For (b), my thought is that if player 2 chooses $s_2 \leq 5$, then $BR_1(s_2) = 10-s_2$ as in (a). However, if $s_2 > 5$, I feel that $BR_1(s_2) = s_2 -\epsilon$ for some very small $\epsilon >0$. This way, the total amount will be over $\$10$, but player 1 will have the smaller amount and thus get his money. However, I'm not sure if this is right or how to find the Nash Equilibrium in this case. Any help would be greatly appreciated.
Best Answer
This was just bumped to the homepage by Community ♦ because it had only unvoted answers. Since it turns out that these were wrong, here's a new one:
In (b), every strategy below $\$5$ is strictly dominated by $\$5$, since that always wins exactly $\$5$ independent of the other player's strategy.
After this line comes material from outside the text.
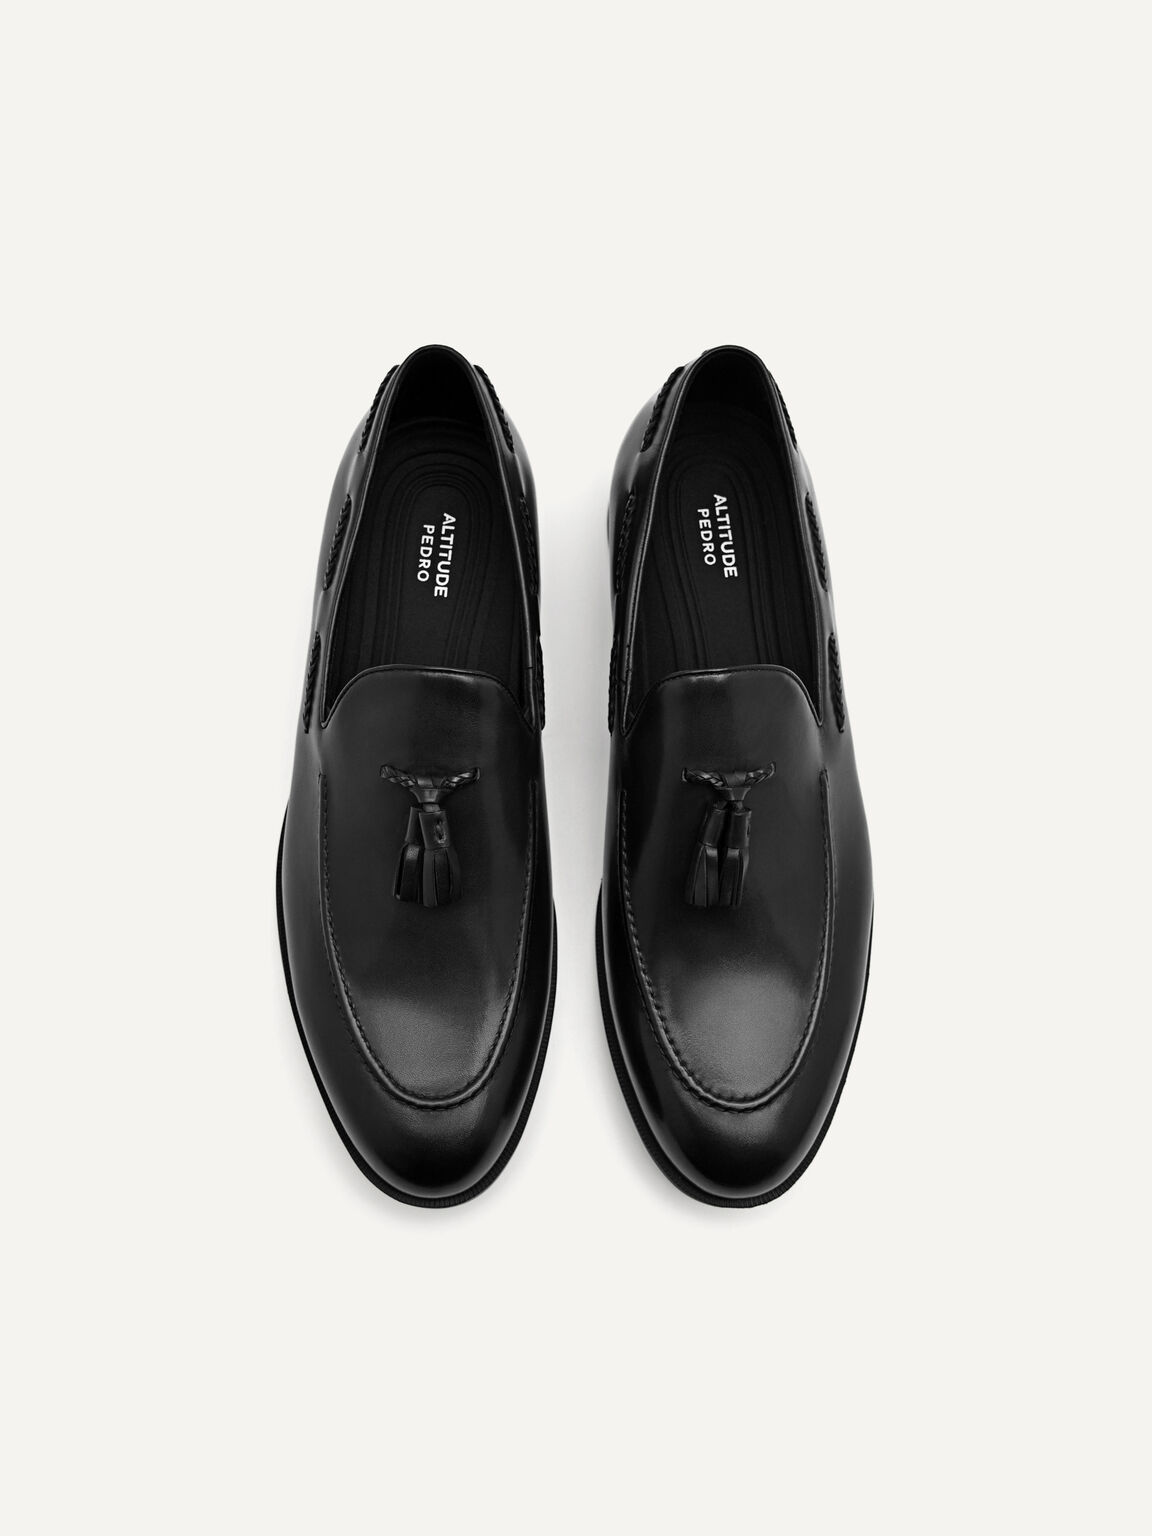 Monk Leather Loafers, Black

On the other hand, no strategy above $\$5$ has a best response. If $s_1\gt5$, then if $s_2\ge s_1$, Player $2$ can improve by switching to $s_2=s_1-\epsilon$; whereas if $s_2\lt s_1$, Player $2$ can improve by switching to $\frac{s_1+s_2}2$.
Thus the only pure-strategy Nash equilibrium is $(5,5)$, where deviating in either direction reduces the payoff.